I'm still a bit conflicted whether to add a new option to Wipe or
whether a new API should be developed. I see value in both options.
Although perhaps thinking of this as "trim" and not "discard" could make
it more palatable for wipe. As a new API, each backend driver could
decide whether it supports the discard/trim option, but that's quite a
bit more work (essentially mimic the Wipe functionality, but generate Trim).
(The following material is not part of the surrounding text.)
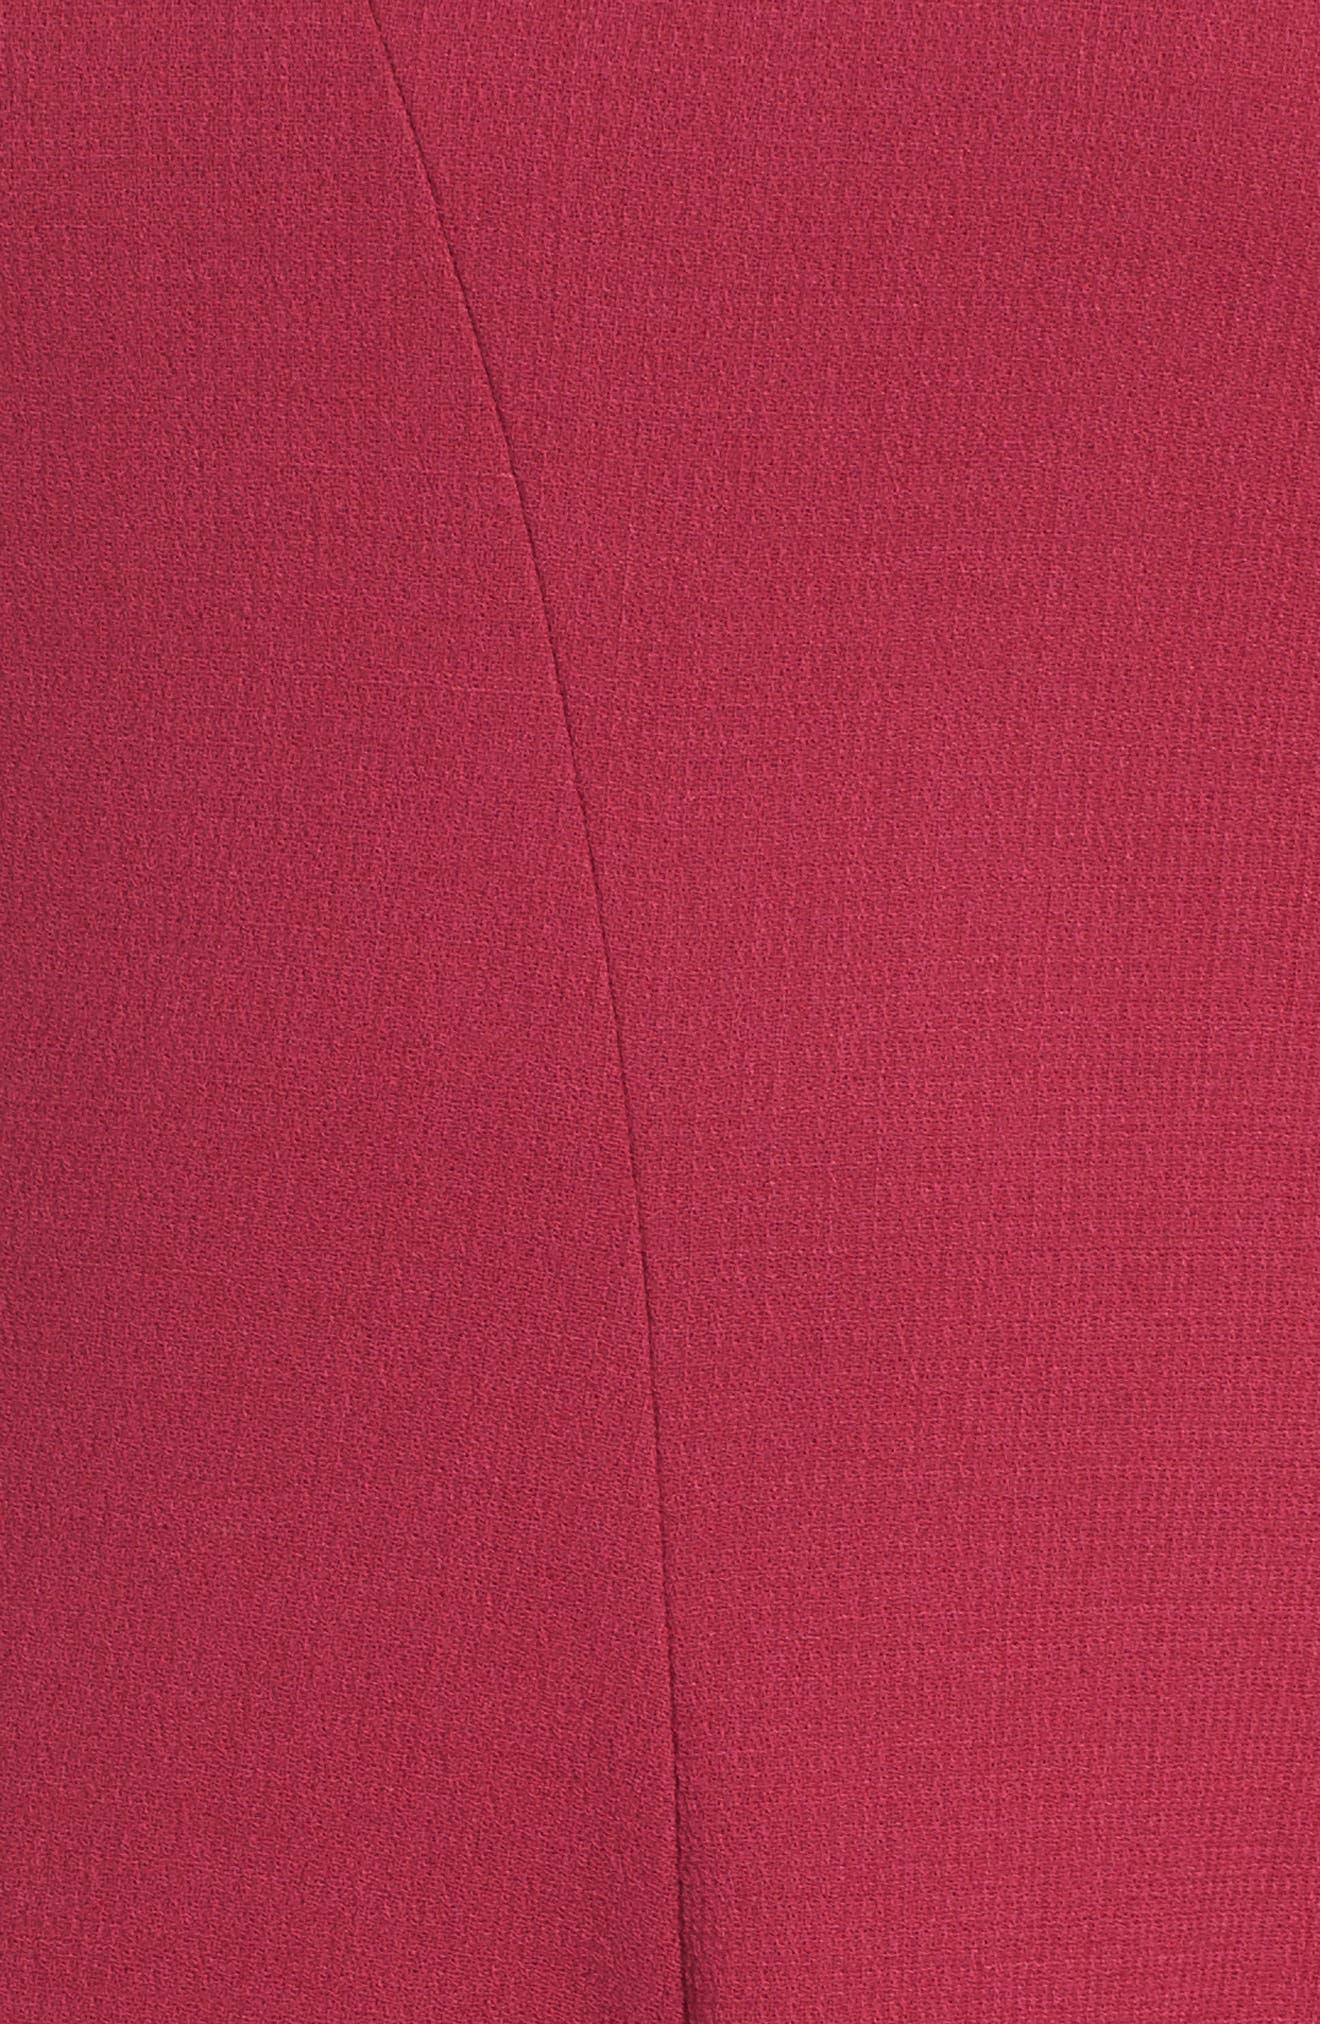 Aveena Wool Interlock Dress,                             Alternate thumbnail 5, color,                             651

I'll note off the top that if we go with adding a new wipe algorithm and
we've updated virsh-volume.c to recognize that, then virsh.pod would
also need an update to describe it.

Also rather than one patch here - I suggest smaller individual patches
to make it easier to debug issues down the line when using git bisect. I
see perhaps 4 patches...

Patch 1:
You probably want to start by adjusting virStorageBackendVolWipeLocal.
In particular, the switch statement there needs some tweaking - first to
use the "switch ((virStorageVolWipeAlgorithm) algorithm) {" construct,
but also fixing a 'bug' I just noted in the current design. If the
current 'default:' option is taken, the code reports an error, but still
attempts the SCRUB command (which will return/cause a different error).
BTW: Instead of default it would the *_LAST case... If you're really
ambitious, adding a check for the "expected" 'flags' bits would also be
beneficial especially since you'll be adding one.

Patch 2:
Add wipe support for rbd and add the Zero algorithm. This gives a base.
The switch in virStorageBackendRBDVolWipe could still remain, but the
Flags would only be for _ZERO

Patch 3:
Then add a the 'trim' option to libvirt-storage.h, virsh-volume.c, and
virsh.pod...

Patch 4:
This patch would add the 'trim' support to the backend. Also grab
virStorageBackendRBDImageInfo from patch 2.  You're making the same
'stripe_count' call in this patch, but don't have the same checks. If
you're concerned about the perhaps extra unnecessary calls you could
allow the 3 return parameters to be NULL, then prior to fetching do "if
(param)" type trick.  The caller could then provide a NULL if they don't
care about features and unit...


> diff --git a/include/libvirt/libvirt-storage.h b/include/libvirt/libvirt-storage.h
> index 2c55c93..139add3 100644
> --- a/include/libvirt/libvirt-storage.h
> +++ b/include/libvirt/libvirt-storage.h
> @@ -153,6 +153,10 @@ typedef enum {
>  
>      VIR_STORAGE_VOL_WIPE_ALG_RANDOM = 8, /* 1-pass random */
>  
> +    VIR_STORAGE_VOL_WIPE_ALG_DISCARD = 9, /* 1-pass, discard all data on the
> +                                                     volume by using TRIM or
> +                                                     DISCARD */

Assuming we use wipe, I think "TRIM" with the description of the option
to be "trimming" the contents of the volume. Whether that's sparse
files, thin/sparse logical volumes, or rbd object discarding...  The
aren't your problem to solve here, unless you have that desire to make
those changes too. Also, the 2nd/3rd comments should line up under 1-pass...

> +
>  # ifdef VIR_ENUM_SENTINELS
>      VIR_STORAGE_VOL_WIPE_ALG_LAST
>      /*
> diff --git a/src/storage/storage_backend_rbd.c b/src/storage/storage_backend_rbd.c
> index cdbfdee..d13658d 100644
> --- a/src/storage/storage_backend_rbd.c
> +++ b/src/storage/storage_backend_rbd.c
> @@ -32,6 +32,7 @@
>  #include "base64.h"
>  #include "viruuid.h"
>  #include "virstring.h"
> +#include "virutil.h"

This isn't necessary I believe.  I was able to remove without issue.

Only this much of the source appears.